Monday, April 10, 2006

Health Care for All: Massachusetts style

Yepsen’s recent columns are all over the place, from state budget deals to government cronies gone bad to the national players floating in and out of Iowa.

Sunday's column highlighted the current popular guy -- we'll call it Mitt-fest 2006, -- and the revolutionary effort in Massachusetts to provide health care access for all its citizens. The extremists on both sides of this issue don't like it; radical liberals think it doesn’t give enough to the conveniently-defined poor and the bootstrap conservatives are annoyed that we have to do anything for anyone outside of securing a free market.

Shrill debate aside, the bipartisan effort in Massachusetts to provide access to health insurance is a policy victory for everyone, particularly Massachusetts’ uninsured. There are a number of people taking credit for the work and that's okay, but sometimes it's nice to point out the unsung heroes.

John McDonough, former Massachusetts state representative turned storytellin' policy wonk turned professor turned health care reform crusader, has been in this fight for years. He was one of the original innovators of the CHIP program, known in Iowa as HAWK-I, and is the current Executive Director of Health Care For All. John also blogs and is posting informative critiques of the Romney et al health care plan.

A little cut & paste from John’s A Healthy Blog:

April 5, 2006

MA Health Reform In Context -- Early Thoughts

Time to begin putting this reform effort in context. Some early thoughts.

It's been going on for a while. Gov. Romney began his deliberations in 5/03; HCFA started our reform deliberations leading to the 12/04 creation of the ACT Coalition in 9/03; Sen. Pres. Travaglini announced his interest in 11/04; House Speaker DiMasi showed his hand 10/05 -- and what a hand! We predicted in '03 that '06 would be the year of opportunity in this decade for major reform. Back in '03 we labelled this our "'o6" project. Here we are.

Give Gov. Romney His Due. We've had more than our share of disagreements. Still, Gov. Romney's commitment to reform was unwavering. And his key insight -- using safety net dollars to expand coverage -- is the cornerstone of this reform.

Give Speaker DiMasi his Due. Without the Speaker's leadership, there would be no employer responsibility in the new law. He stuck with the goal of expanding coverage and never wavered. He and his team produced the stunning policy innovation -- combining employer and individual responsibility. Never underestimate this guy again!

And thanks to Rep. Pat Walrath and the incredible staffers in the House. You guys rock!
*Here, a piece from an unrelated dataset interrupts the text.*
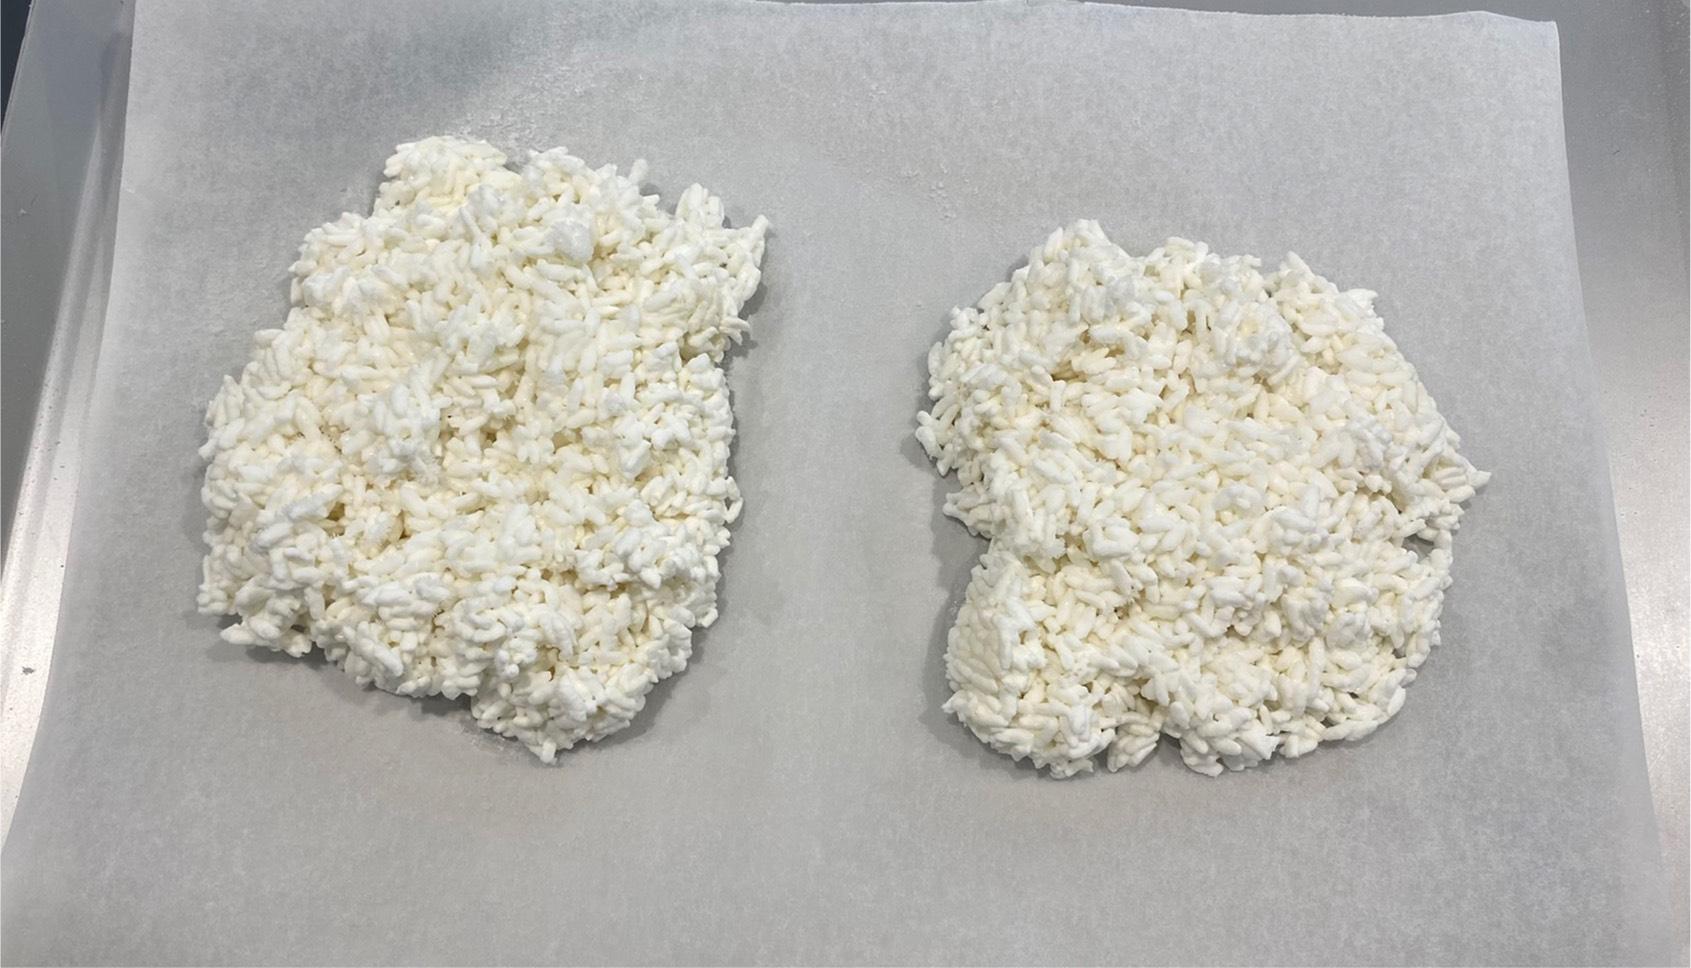 米飯凍結後

Give Pres. Travaglini His Due. The Senate Pres. made certain that the existing safety net institutions would be adequately protected in reform - - and they have been. The Senate was also the source of many new policy innovations in the law.

And thanks to Sen. Moore and the great staffers in the Senate.

And Give Advocacy Our Due. The ACT! Coalition pushed the boundaries of possibility beyond where most thought we could go, forced employer responsibility as an issue, and provided a genuine voice for the public in this dense and complex policy environment.

Respect the Power of the Ballot Initiative. Once again, the Ballot Initiative has been proven a useful and powerful tool in pushing the legislative process beyond where it would otherwise go. A rough and blunt tool, but respect its power.

Business Still Holds the Key. In modern history, no major health reform law has passed with unanimous business opposition. Still true today. Special thanks to all those business leaders, especially Phil Edmundson, who spoke the truth and held firm and faithful to their conviction. Bless them!

Providers Get Their Due, and No More. By our count, about 15% of the resources in the new law will go to improve provider rates. This is an access law with new funds for providers -- it's not a provider bill.

A Cost Sharing Line in the Sand. Gov. Romney's vision of low premium plans is revealed to include sky-high deductibles and cost sharing. Thanks to the Legislature for rejecting this. We've drawn a line in the sand on cost sharing, and this battle has only begun.

Will History Repeat? Twice before, MA reforms triggered national repercussions. The 1988 universal health care law triggered reform activities in at least two dozen states in the early 1990s. The 1996 law inspired Sen. Kennedy to start the process leading to the creation of the federal Children's Health Insurance Program which has provided coverage to more than 5 million uninsured kids. Both times, MA led the way and turned the tide.

Let's do it again!

This is the best political round up I’ve seen on the Massachusetts health care plan.

One more thing: McDonough wrote Experiencing Politics, it’s a great read and educational, too. He manages to interrelate meat & potato politics with policy theory (unbelievably, we do have theory for all of the stuff that happens under the 51 domes) using stories about the ins & outs of Massachusetts state politics.